From a formal elements perspective, knowledge is the primary resource—knowing which plant does what. The catalog is your tool, but it only gives you “illustrations” and names. The meaning of those names is assumed. The game’s boundaries are also notable: you never leave the shop. The map is a physical object you pull from a drawer. The outside world comes to you. This constraint creates focus and intimacy, turning the shop into a magic circle where occult rules apply.

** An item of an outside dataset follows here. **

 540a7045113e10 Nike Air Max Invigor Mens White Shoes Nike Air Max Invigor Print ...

What differentiates Strange Horticulture from other puzzle games is its cozy but deadly tone. Unlike Return of the Obra Dinn, which demands pure visual logic, or The Witness, which is abstract and sterile, Strange Horticulture asks you to feel your way through puzzles. The rain outside the window, the black cat (Hellebore) you can pet (and my inspiration for P2 Bodega cat), the flickering candle—these atmospheric details are small touches that helped deepen the theme. They don’t change the mechanics, but they change how the mechanics feel. This is the difference between a puzzle and a favorite game.
Here is where Strange Horticulture stumbles. The game assumes players have specific cultural, educational, and experiential knowledge.

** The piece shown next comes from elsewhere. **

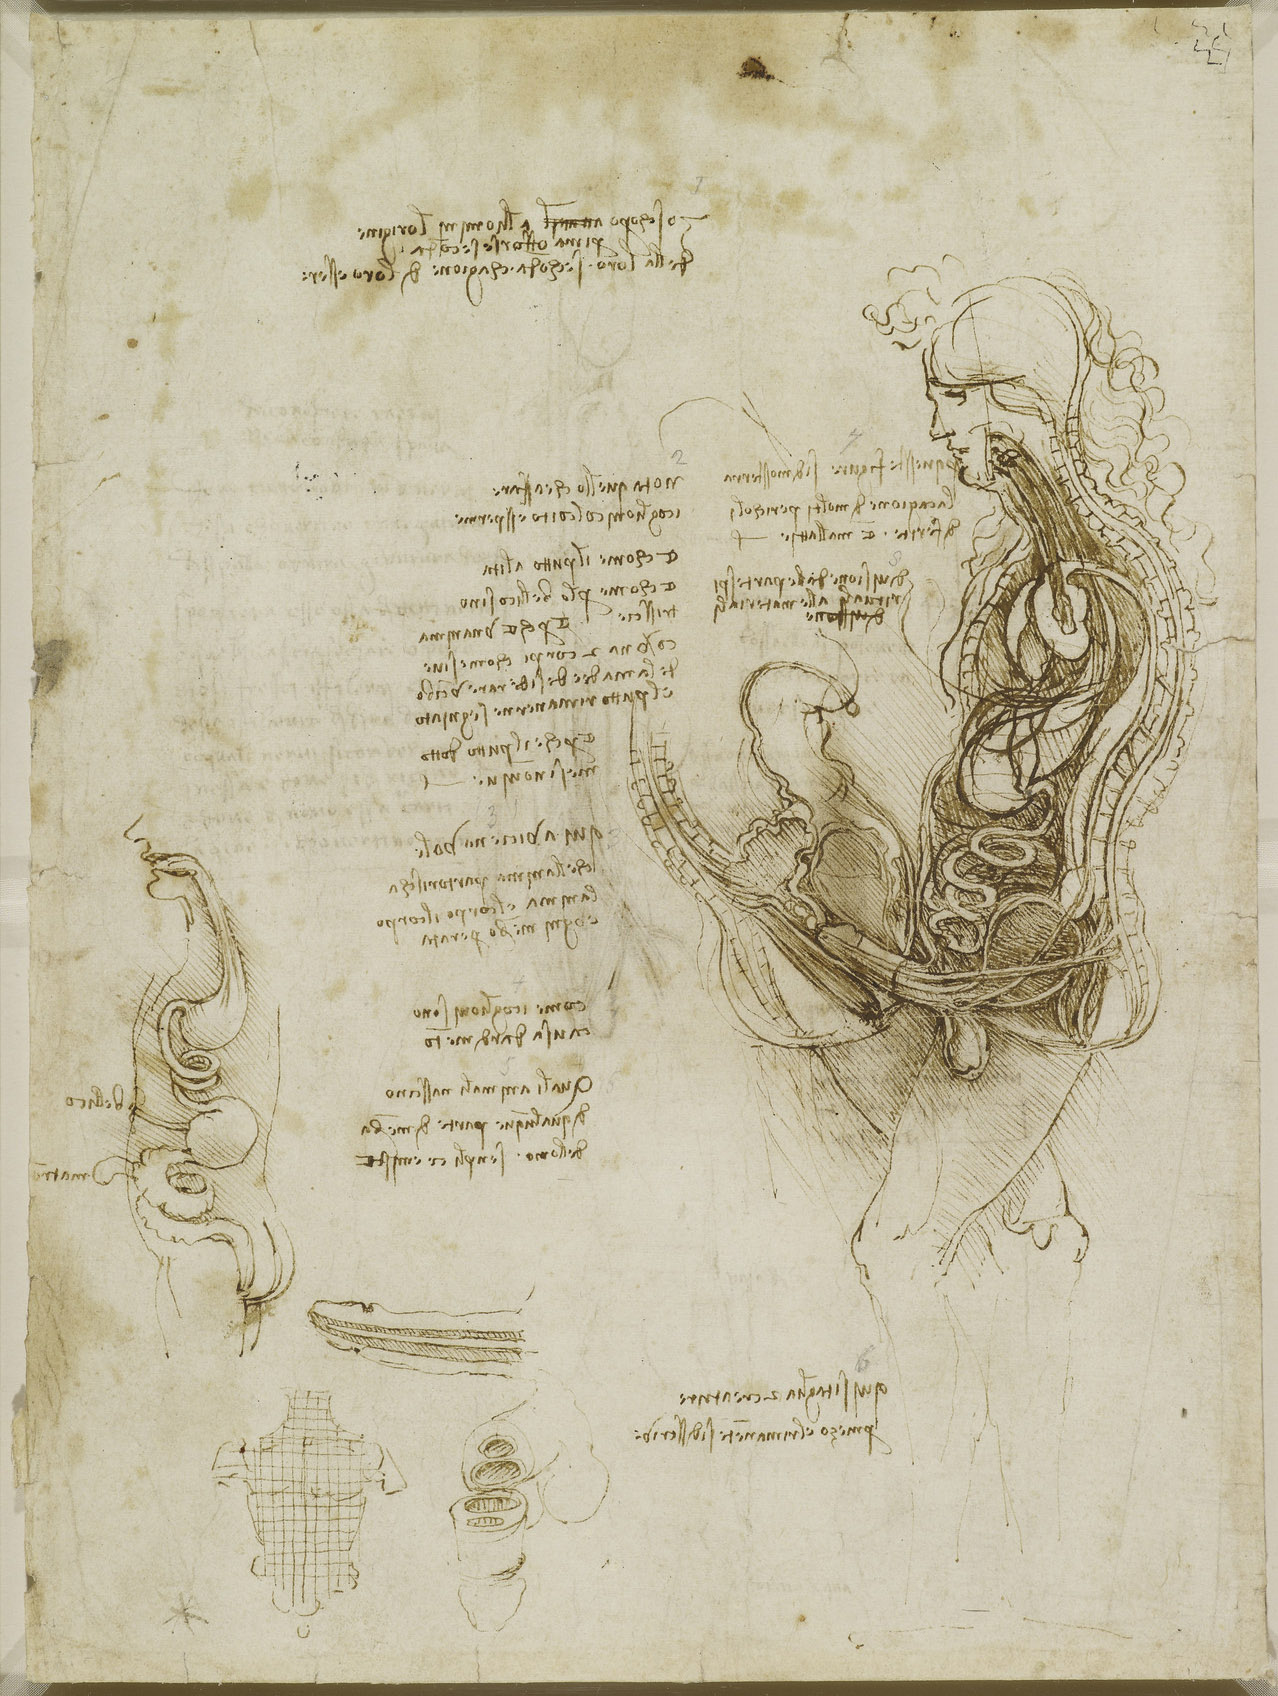 Leonardo da Vinci és a pénisz szabad akarata

First, the plant catalog uses Latin names with no pronunciation guide, no translation, no glossary. As a fan of the occult/latin etymology I sometimes recognized these names. But what about a player who doesn’t? A player educated outside the Western system?
Second, the game assumes familiarity with English folklore. A player from East Asia or South America may have no frame of reference for these ‘occult properties’ rooted in European tradition. The game explains them in brief one-liners but does little to world-build.
Third, and most subtly, the game assumes a certain emotional distance from the subject matter. Take Dranthium. The catalog describes it as having “mind-altering abilities” and notes that overdose turns the whites of the eyes green. The game treats this as a clue—a clever detail for the player to spot. But for a player with personal experience of addiction—be it their own or a loved one’s—Forest Vair isn’t just a puzzle. He’s a person. The game’s mechanical framing of addiction as a “tell-tale sign” rather than a crisis may feel dismissive. The mechanics only care about correct identification. The ethics are mine to carry, not the game’s.
The fix is simple. An optional glossary or folklore reference. Tooltips explaining plant names. And for the addiction angle, a branching choice: give Dranthium, offer a placebo, or refuse service. (I don’t know if the game allows refusal—though I searched the plant guide for an alternative to ‘ween’ him off.) Different outcomes for different choices. These additions would preserve the Discovery aesthetic for players who want mystery while making the game accessible and ethically responsible for everyone else. Without them, Strange Horticulture is a wonderful game—but can be greater so all players discover its secrets.